I rolled my eyes. I’d never attended a wedding as a guest before, but back when I lived in Kentucky, I used to wait tables at Jack’s Roadhouse, and when Sindy Delvecchio had married Rowdy Carlson in front of the bar—so classy—I’d spent most of the night cleaning up broken glass and vomit. The idea of hooking up with one of Rowdy’s buddies made me want to puke.

But a fancy New York affair held by folks who could afford to hire Every Step? Maybe Kaylin had met an eligible bachelor at one of the receptions.

“Okay, we’ll need to go through the guest lists, working backward from early July. We have the Musson-Voyce wedding, the Janes-Lopez wedding, the Calder-Gibb wedding, the Bender-Theobald wedding, the Anderson-Moss wedding, the Cavallaro-Bucci wedding, the Gutiérrez-Tremblay wedding, the?—”

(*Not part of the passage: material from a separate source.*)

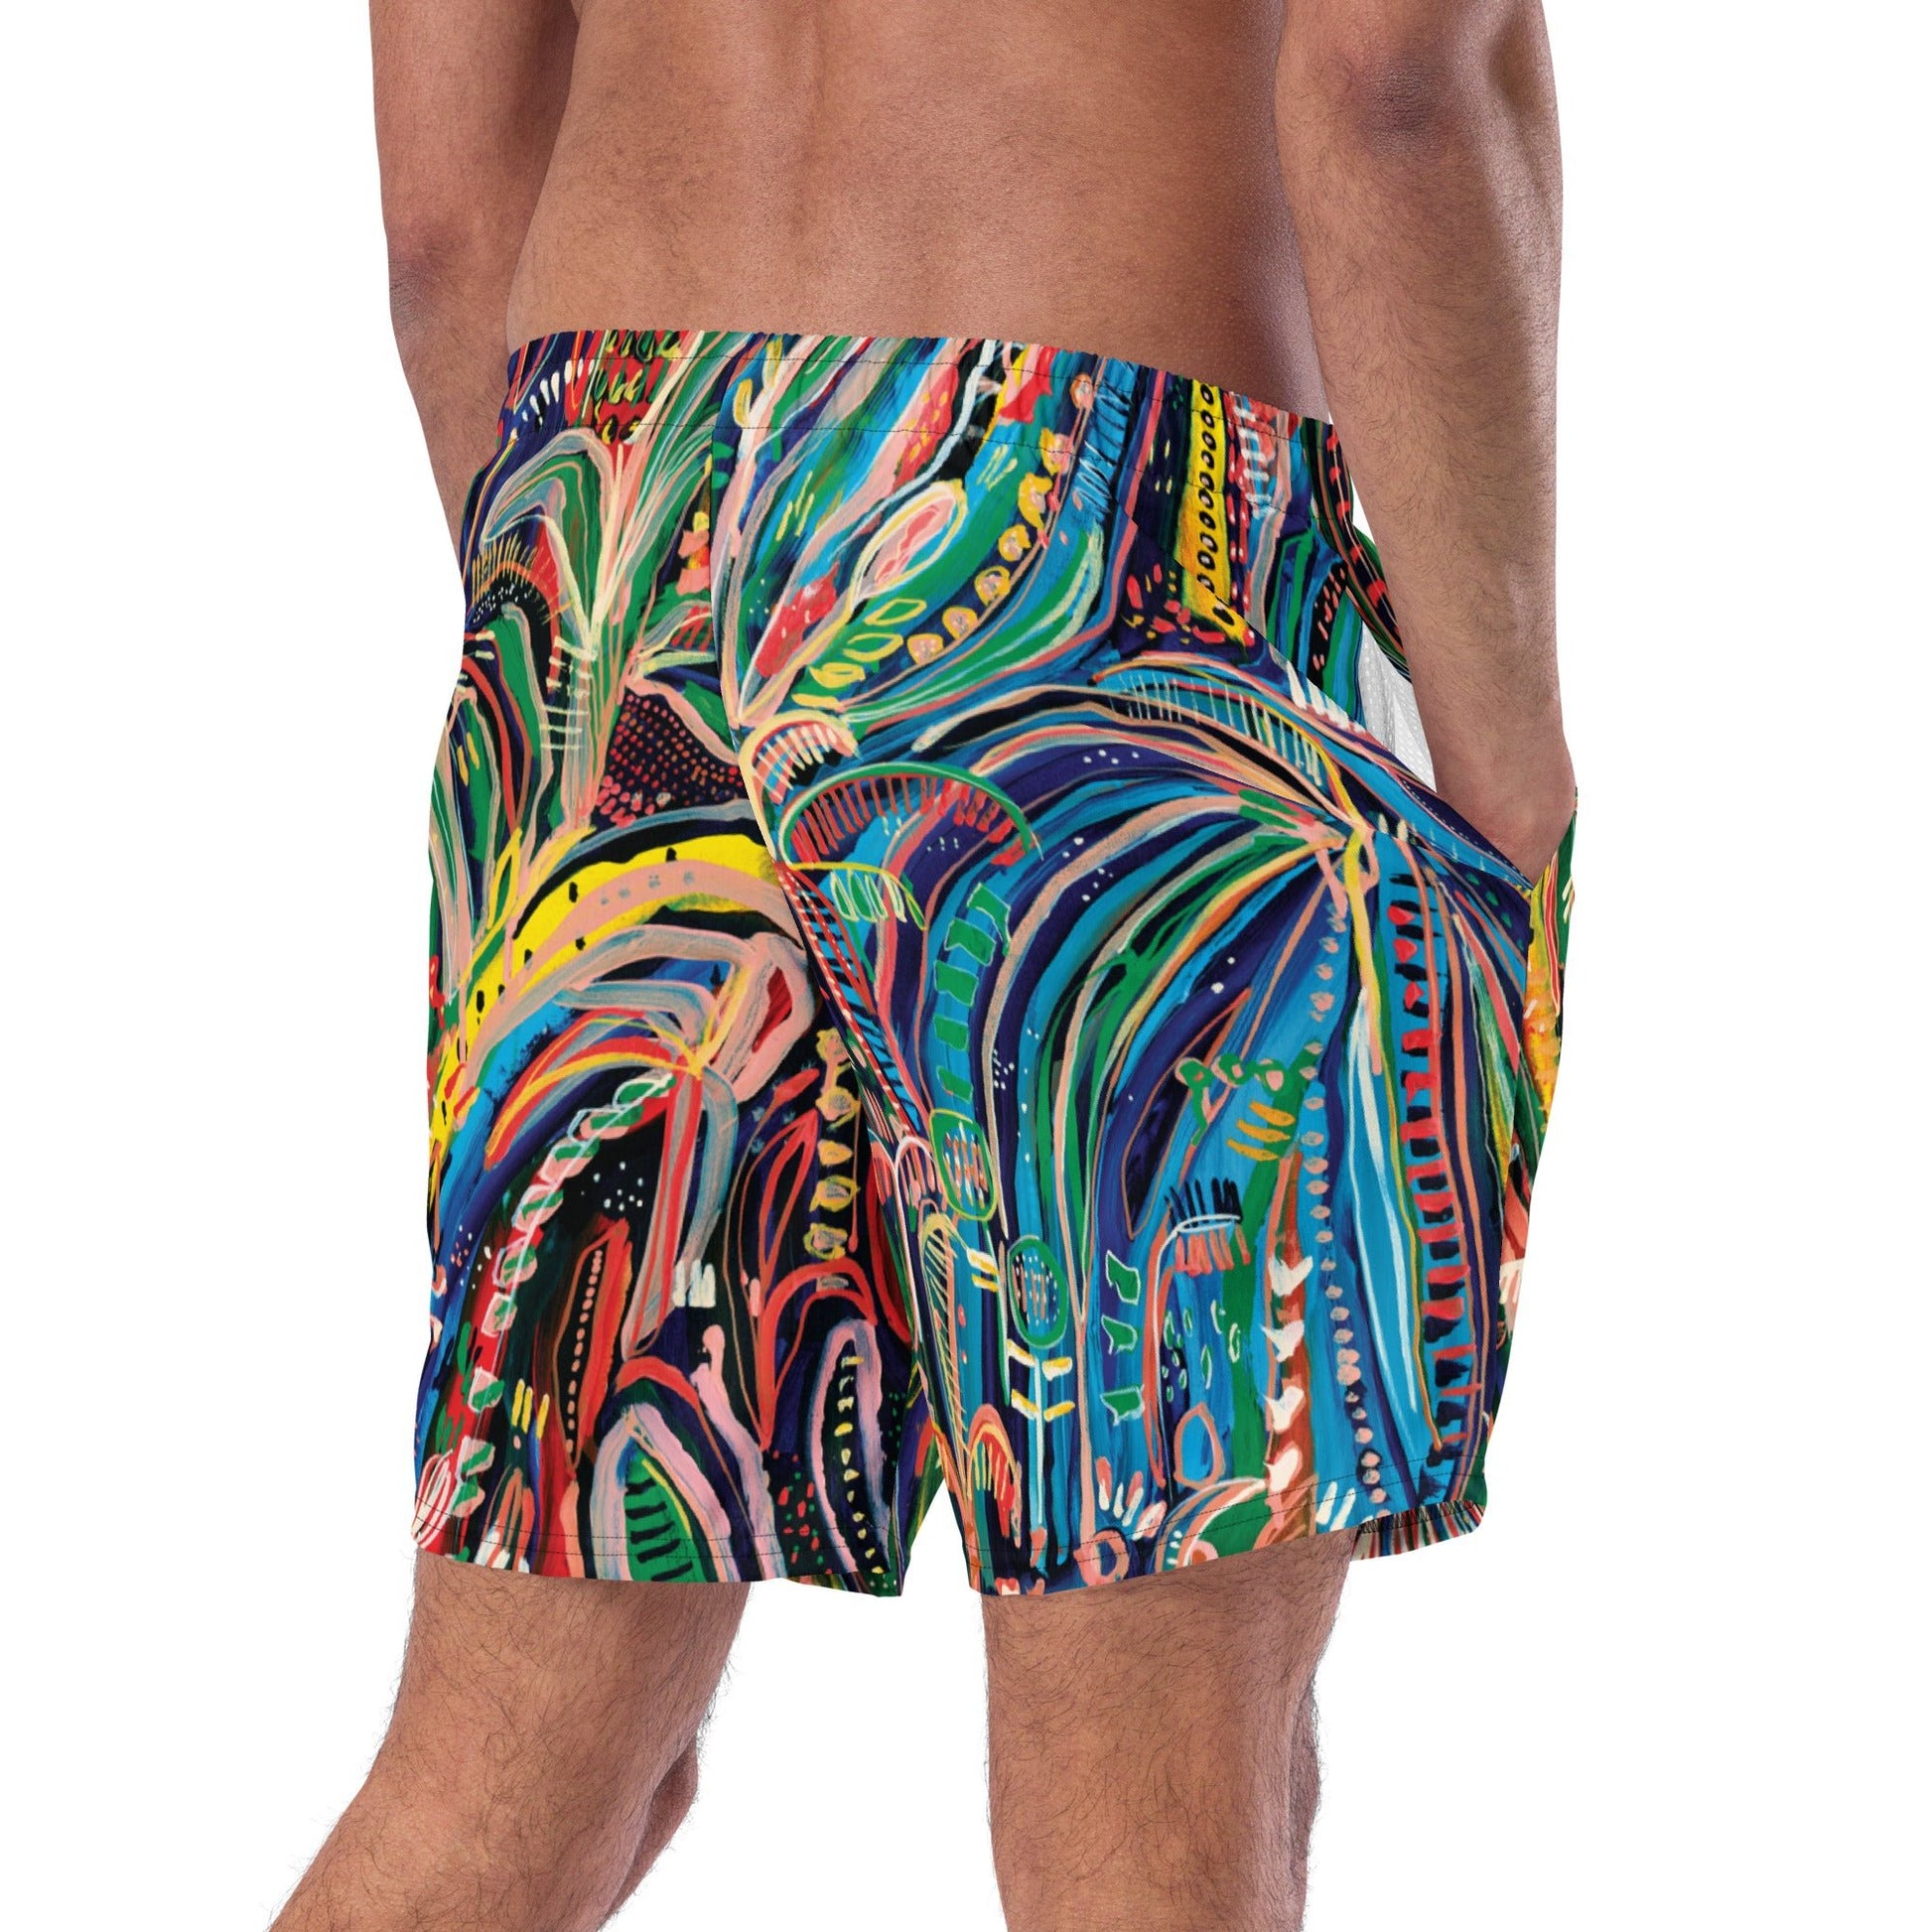 Club Tropicana Men's swim trunks - Milpali

“Did you say Cavallaro-Bucci?”

“She worked that one the last week in June. Why?”

Collier tipped his head toward the front window. “See Mamma Mia’s over there?”

“Yes?”

“The Cavallaro family owns it.”

I choked on a piece of pasta. “Are you saying Kaylin worked at a Mafia wedding?”

“Seems that way. Even criminals get married, and they got the cash to pay for a flashy ceremony.”

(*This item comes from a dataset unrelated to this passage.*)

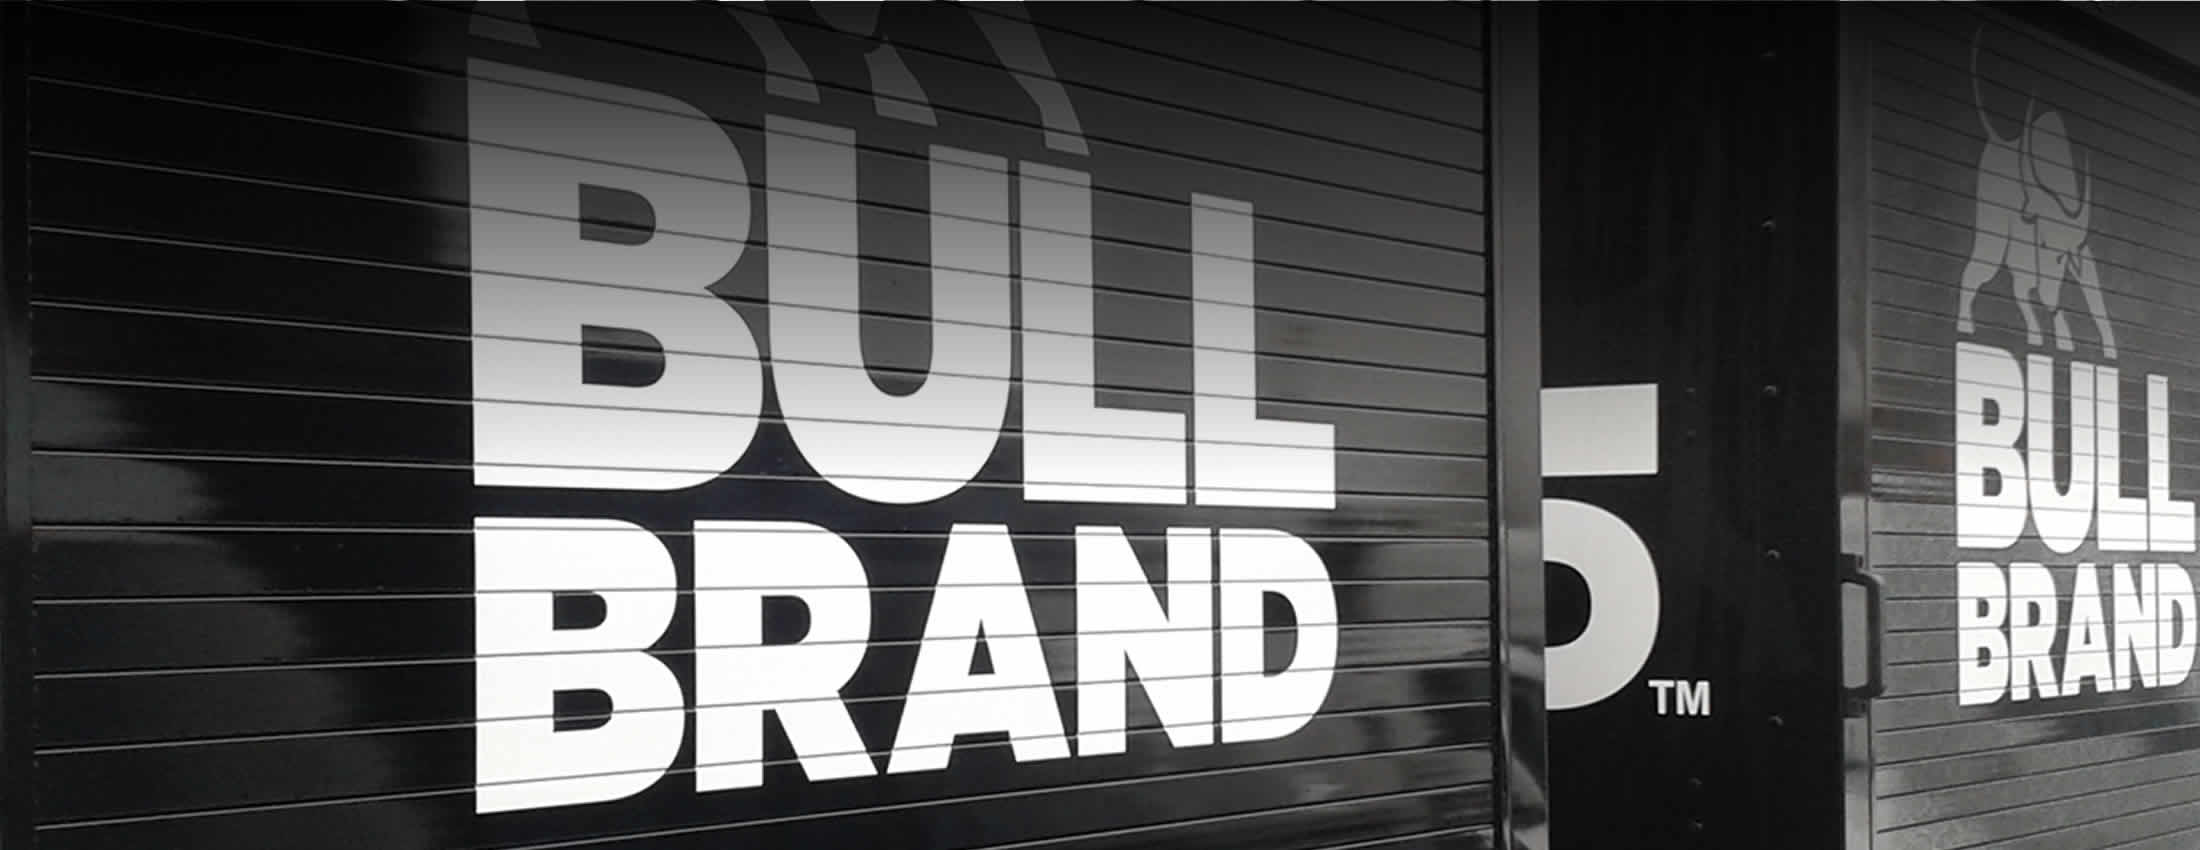 Bull Brand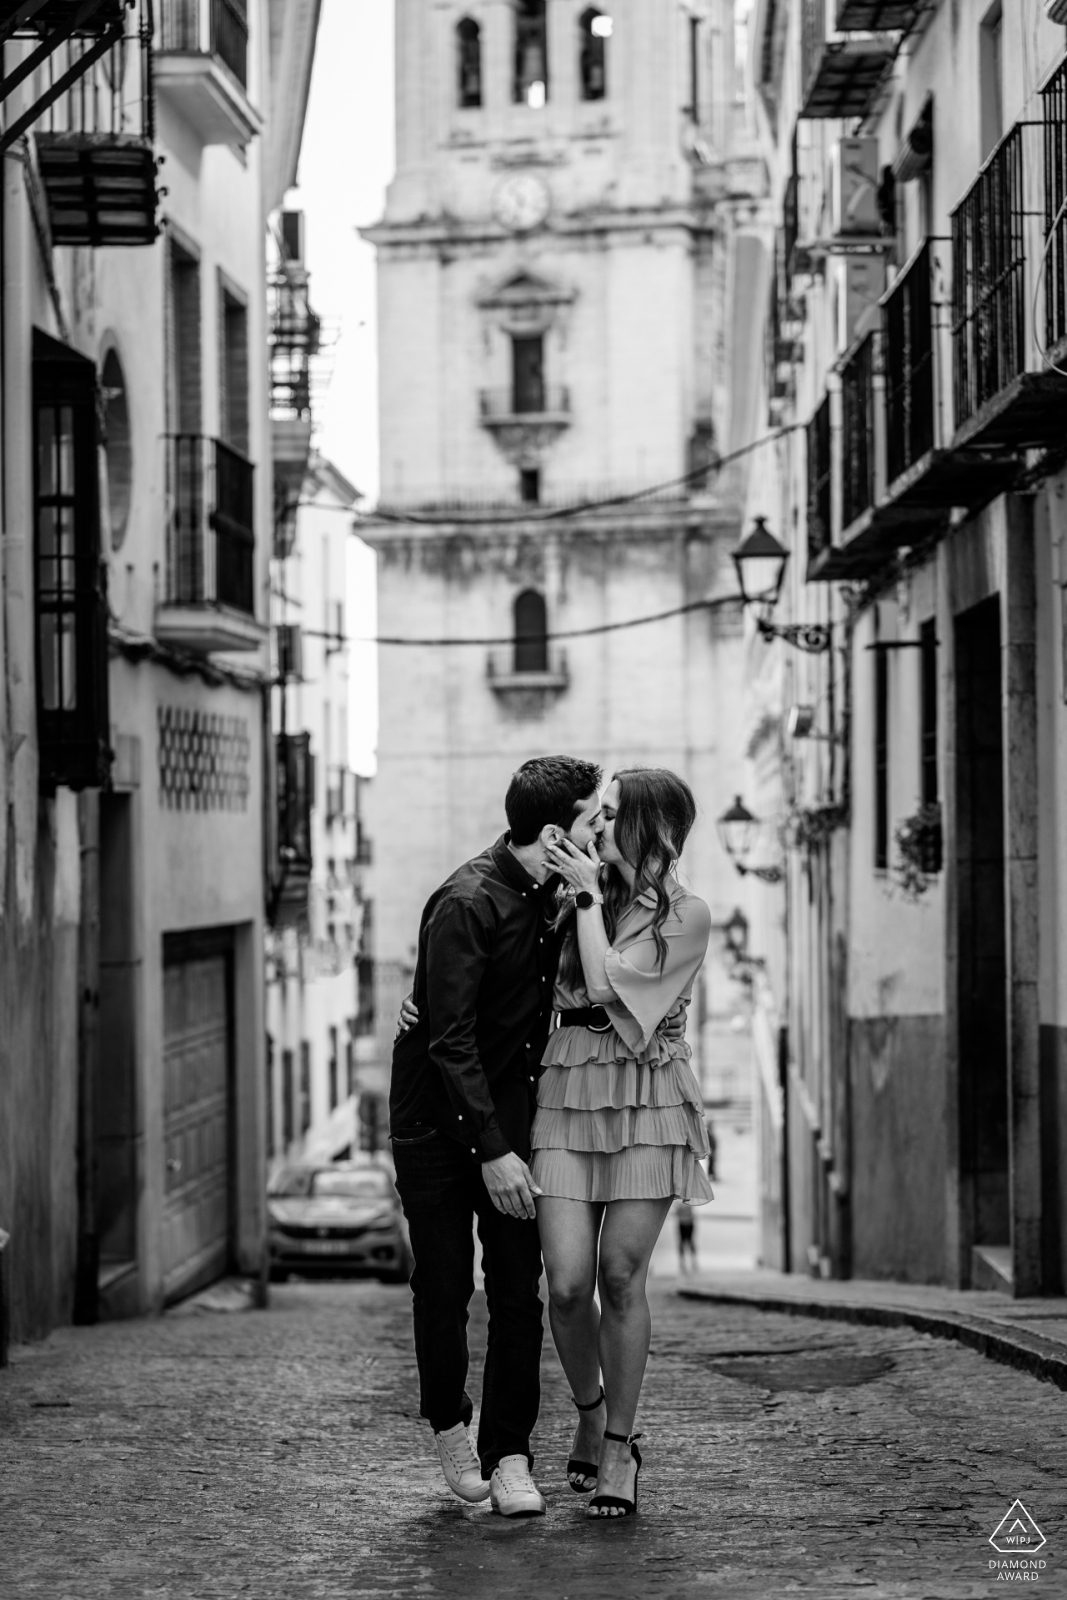 Fotografía en blanco y negro de una pareja besándose por las calles de una ciudad

“Yikes. Do you think that’s a coincidence? That she was there, I mean.”

Collier shrugged and forked another piece of ravioli into his mouth. “Objectively speaking, ‘tall, dark, and handsome’ would fit half the Cavallaro boys. And they sure aren’t the type of man you’d want to take home to meet the family.”

Could it be possible? Had Kaylin gotten involved with the New York Mafia? I began to get a bad, bad feeling in the pit of my stomach, and suddenly, I wasn’t so hungry anymore.

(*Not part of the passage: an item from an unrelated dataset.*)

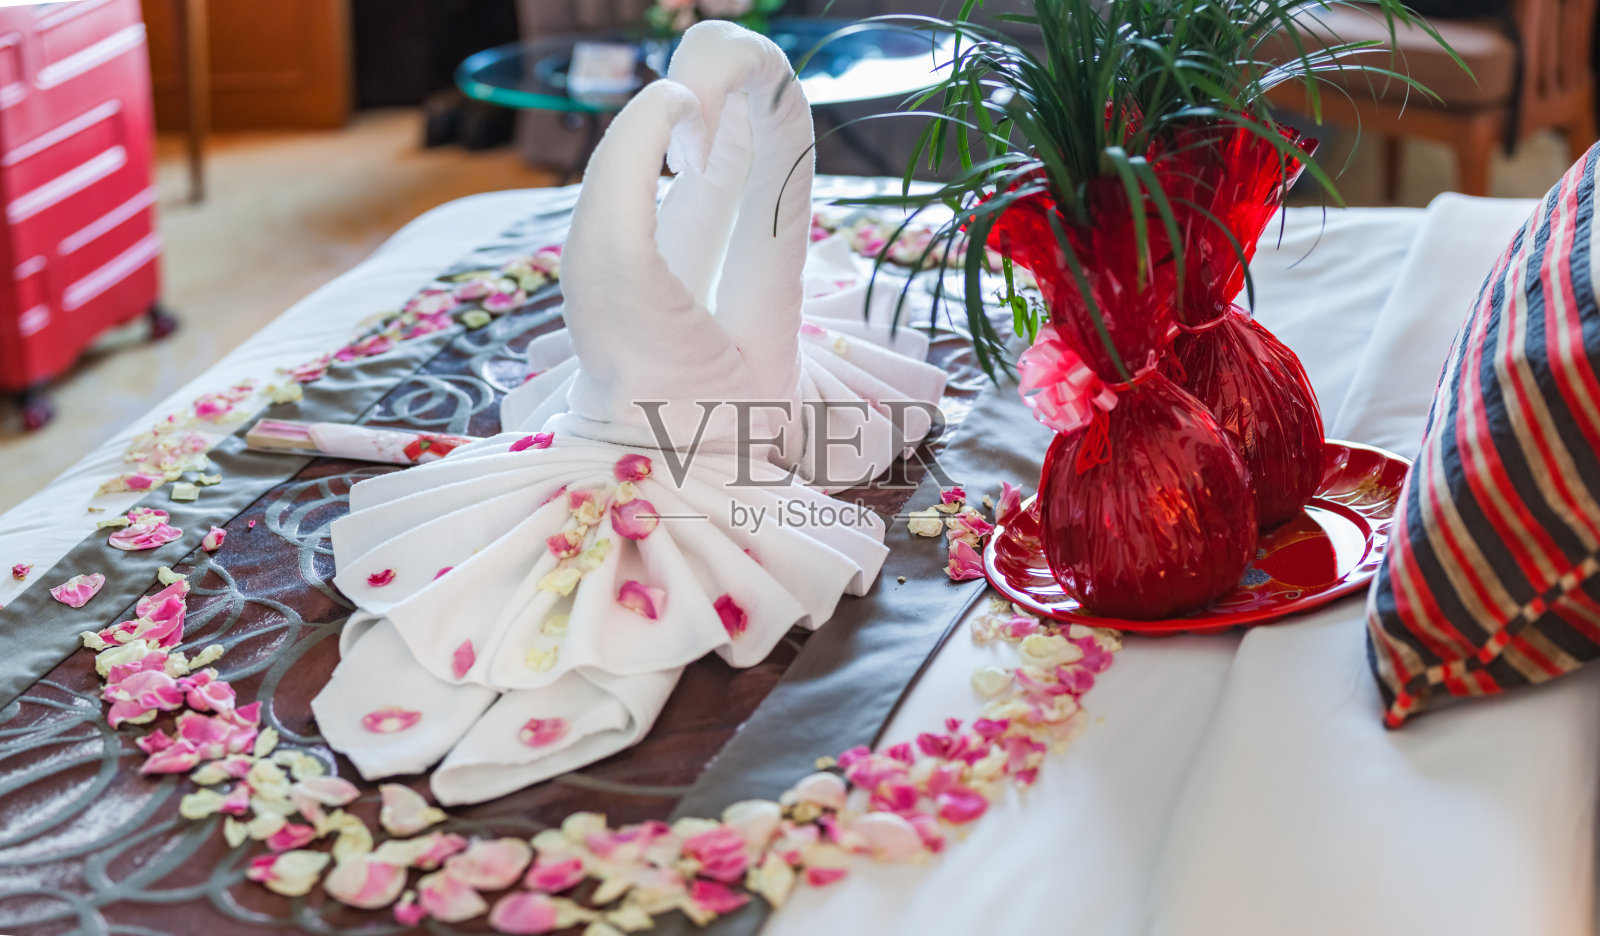 浪漫的卧室内饰，亲吻天鹅折纸毛巾和洒在床上的新鲜粉白玫瑰花瓣装饰。婚礼，周年纪念，蜜月，爱，象征概念照片摄影图片

“Tell me more about the Cavallaros.”

“You heard of the five families?”

I was a true-crime aficionado; of course I had.

“Yes.”

“Unofficially, there’s a sixth one, and that’s headed by Vito Cavallaro. They’re dirty as fuck, but as well as the money laundering, the drug- and people-trafficking, the counterfeiting, the corruption, the loan-sharking, the extortion, and the illegal gambling, they have an empire of legit businesses that give them a veneer of respectability.” How could Collier keep eating? “Heard Renzo Bucci’s papa is into arms deals, so maybe they’re expanding their horizons.”

“How do you know so much about them?”

“It’s my job, same as Dan di Grassi knows half the assholes in Richmond by sight. The Cavallaros keep a lower profile than, say, the Gambinos or the Genoveses, but they’re like rats in a sewer. Never far away.”

The thought made me shudder. Next time, I’d suggest we visit Wonder Burger for lunch. Prices around Times Square might be criminal, but at least we’d be farther from the Mafia’s heartland.

“Do you think we could get pictures of the men in the Cavallaro family? Anisha might be able to pick out the guy she saw with Kaylin.”

“Bet there were a few reporters at the wedding, plus we can go through the police mugshots, but good luck in getting Kapoor to cooperate.”

If we managed to put together a photo line-up, I’d try anyway. She could only say no, right? And we might be able to narrow down the suspect list beforehand—how many thirty-year-old Cavallaro men could there be?

I set Providence to work and picked up my fork again. We were getting closer; I could feel it.

10

DASHA

Most people only live one life. They spend early childhood with their family, followed by some sort of education, and then they work a humdrum job until they die. Perhaps they fall in love along the way. Get married, have kids, start the whole miserable cycle again.

Programmed to endure mundanity, my former mentor used to say. To accept the status quo.